The Office of the United Nations Population Fund (UNFPA) in Ghana has said that most females suffering from obstetric fistula fail to report to health facilities.
The office observed that in some cases the patients were unaware of the condition, while in some communities the disease was associated with superstition.
The Programme Analyst for Reproductive Health and Humanitarian Assistance of the UNFPA-Ghana, Dr Claudia Donkor, therefore, called for a thorough public discussion about the condition in order to create awareness.
"It shouldn't be shrouded in mystery. It is a medical condition and not a curse,so people should understand what it is,” she said.
What is fistula?
Obstetric fistula occurs when an abnormal hole develops between the vagina, rectum and/or the bladder following prolonged or obstructed labour.
This causes the woman or girl to leak urine or faeces or both.
Dr Donkor said anyone within the reproductive age was at risk of obstetric fistula, and that the risk factors were early pregnancy, child marriage, late pregnancy for older women, traditional practices such as female genital mutilation, and not having access to the services of skilled birth attendants.
Obstetric fistula is a global problem, and the United Nations commemorates the International Day to End Obstetric Fistula on May 23 every year.
This year's commemoration was dubbed: "End Fistula Now: Invest in Quality Health Care, Empower Communities".
In Ghana, fistula has been recorded in all 16 regions, but most of the cases have been found in the northern parts.
Delayed reporting Dr Donkor said delay in seeking treatment for fistula could result in complications, which include infections such as sepsis and urinary tract infections, which occur as a result of the uncontrolled urine and faeces leakage in the affected area; impact on their sexual and reproductive health, including the desire to have sex, and challenging subsequent childbirths and potentially complicated surgical repairs.
She said the good thing, however, was that fistula did not kill, explaining that it was more of a morbidity issue than mortality, which affected the quality of the life of those living with it.
She said some sufferers have had to live with the condition for years, citing one woman who lived with it for 40 years before getting treated.
Fistula, Dr Donkor explained, solely required surgery to repair rather than medication.

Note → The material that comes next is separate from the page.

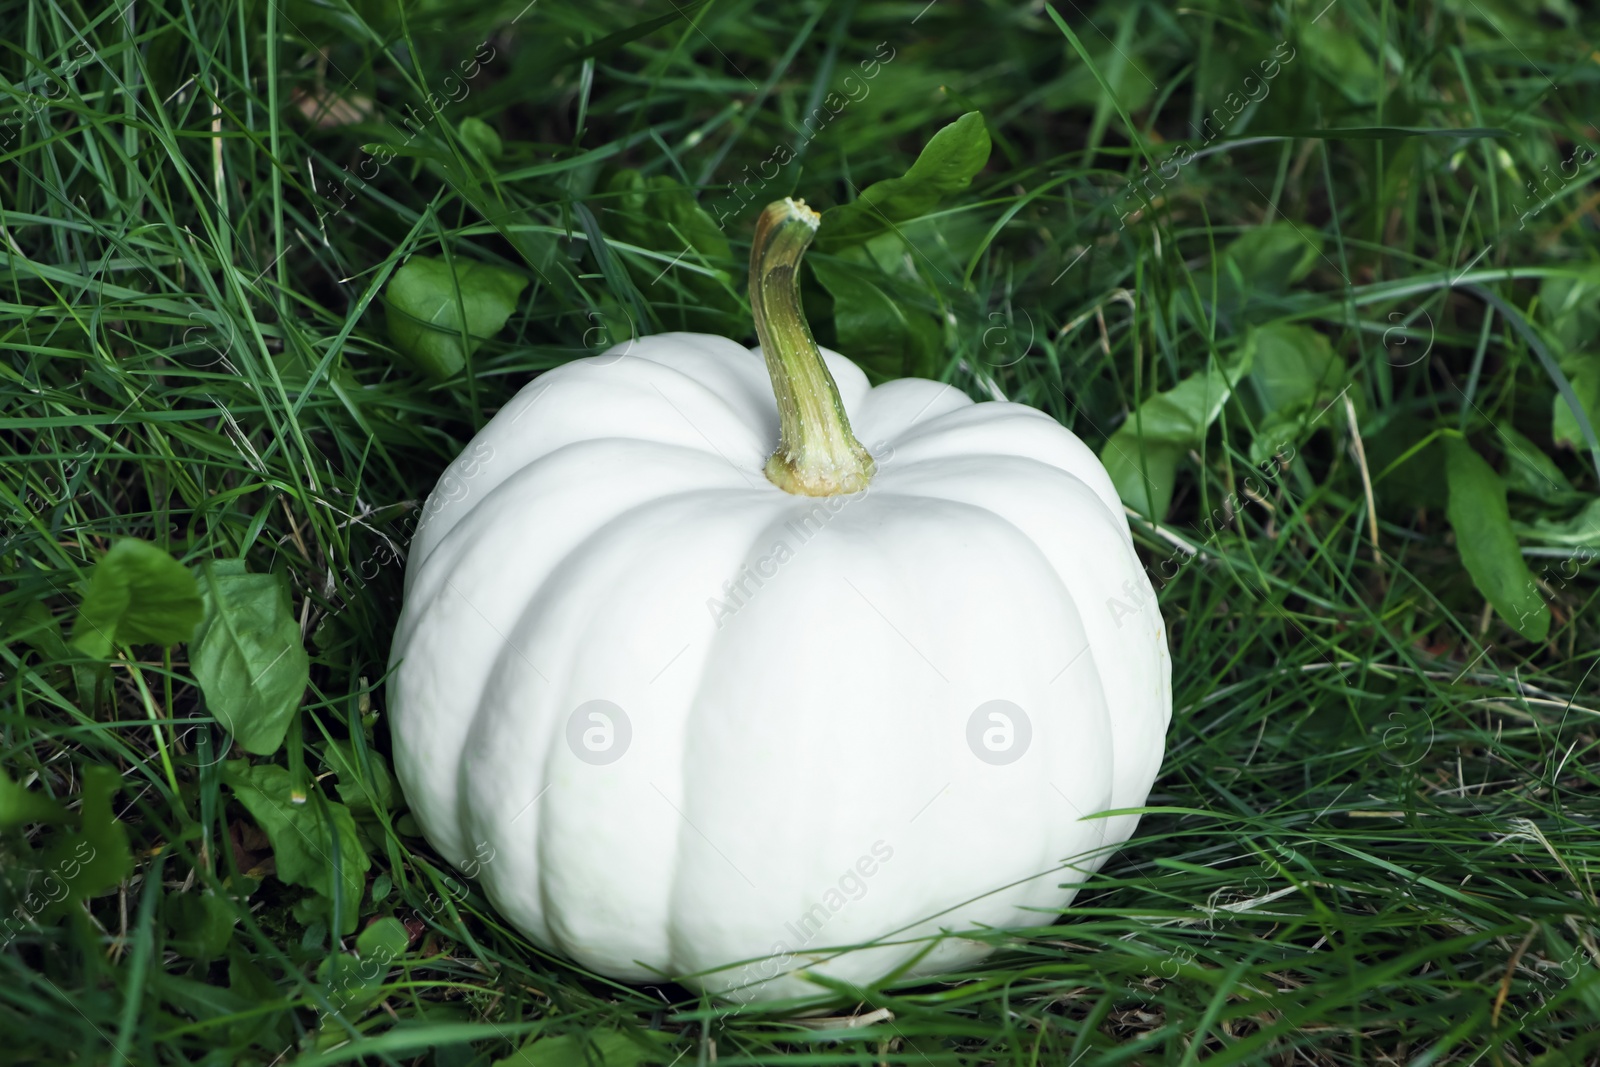 Photo of Whole white pumpkin among green grass outdoors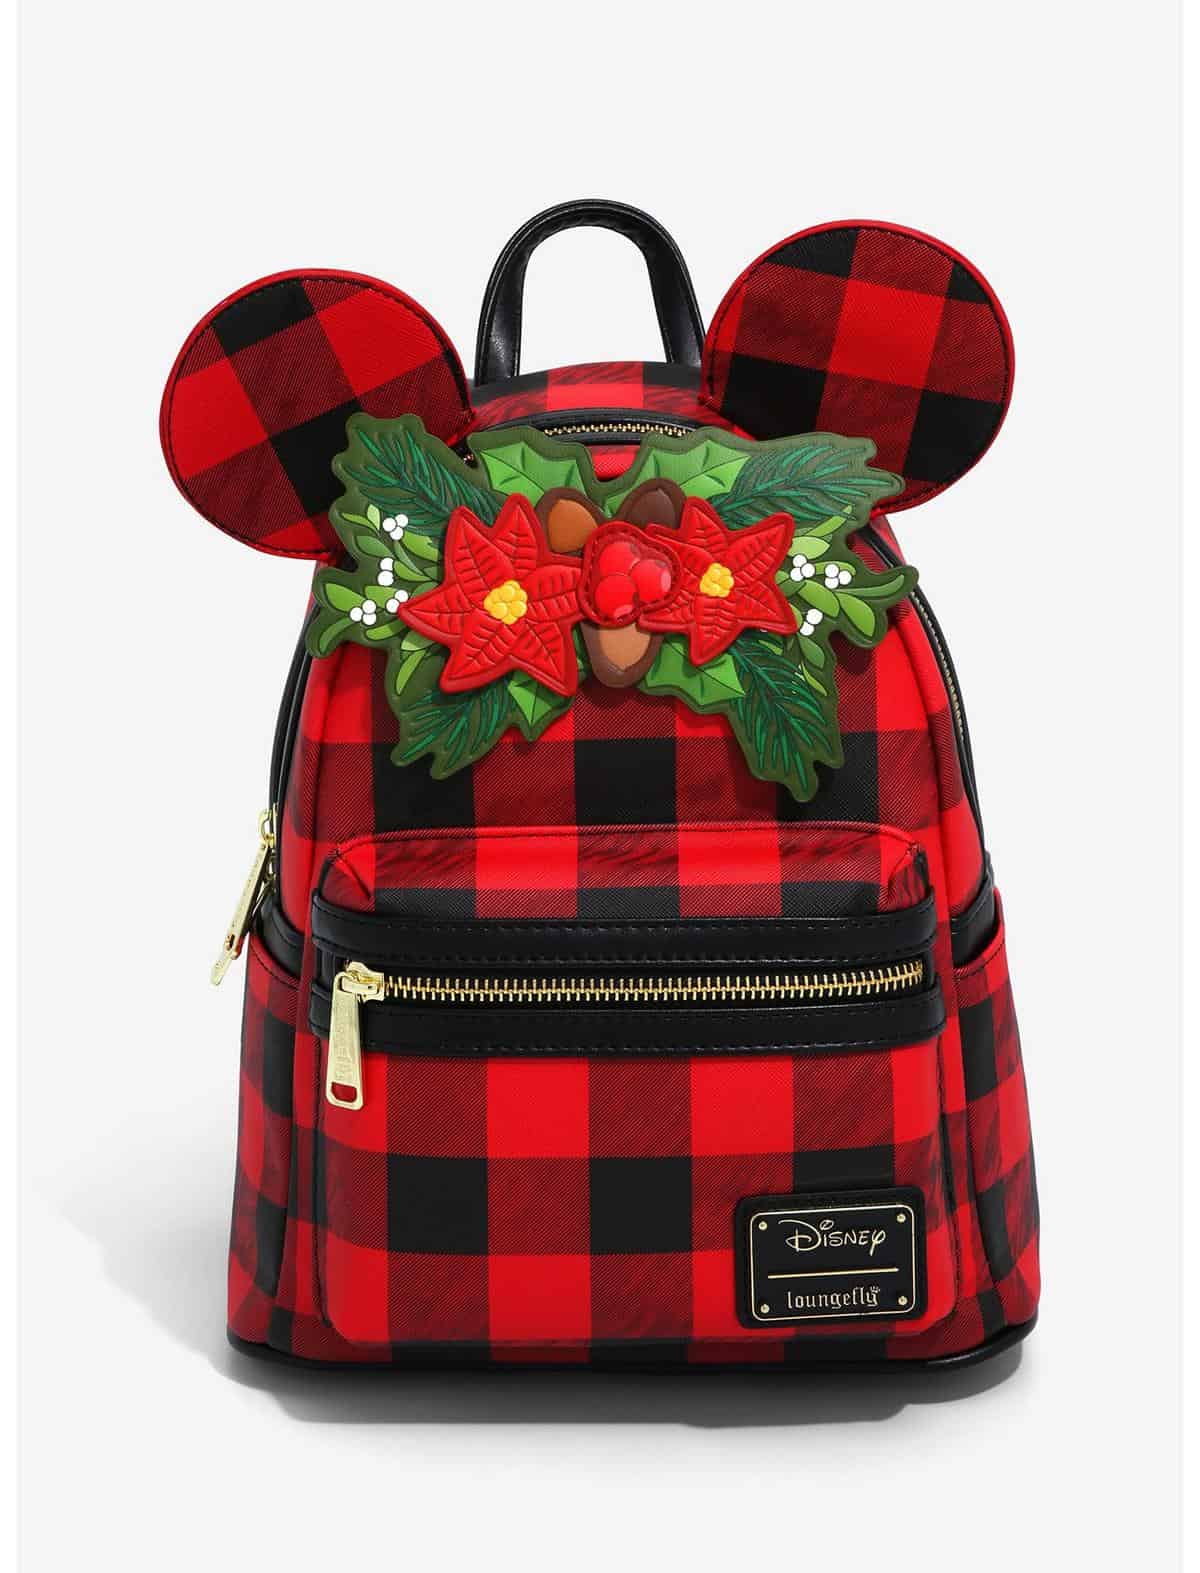 Disney Christmas Loungefly for the Holiday Season

She said in Ghana, the cost of surgery for fistula was estimated at approximately $700,adding that this could be more depending on how complex the condition was.
It is estimated that approximately 1,300 new cases occur in Ghana every year, while there are less than 20 surgeons in the country who can perform obstetric fistula surgeries.
Dr Donkor called on communities, including traditional and faith-based leaders, to demystify fistula and appreciate it as a medical condition which could be treated.
The Head of Safe Motherhood Programme of the Ghana Health Service (GHS), Dr Chris Opoku Fofie, advised pregnant women and girls against delivery at home.
He encouraged them to rather deliver at health facilities where they would have access to trained health staff to help them to deliver safely.
He said long distances to health facilities and cost of transportation had been identified as the reasons why some people delivered at home, and advised family members to facilitate the travel of pregnant women to heath facilities where they can deliver safely.
Dr Fofie encouraged the public to educate such patients to seek help at medical facilities.
An obstetrician/gynaecologist of the Korle Bu Teaching Hospital and a fistula surgeon, Dr Gabriel Yao-Kumah Ganyaglo, said if one reported to the hospital within three months of getting the condition, it was possible that the person could be cured with other treatment options without going through surgery.
He, however, said when complications set in, surgery was the sole choice, adding that delayed reporting to the hospital was most likely accompanied by infections.
“If you delay, the vagina becomes scarred and repairs become difficult,” he added.
The Paramount Queenmother of Mankessim, Nana Dr Ama Amissah III, told the Daily Graphic that some queenmothers did not have any knowledge about the condition, hence their inability to create awareness of it in their communities.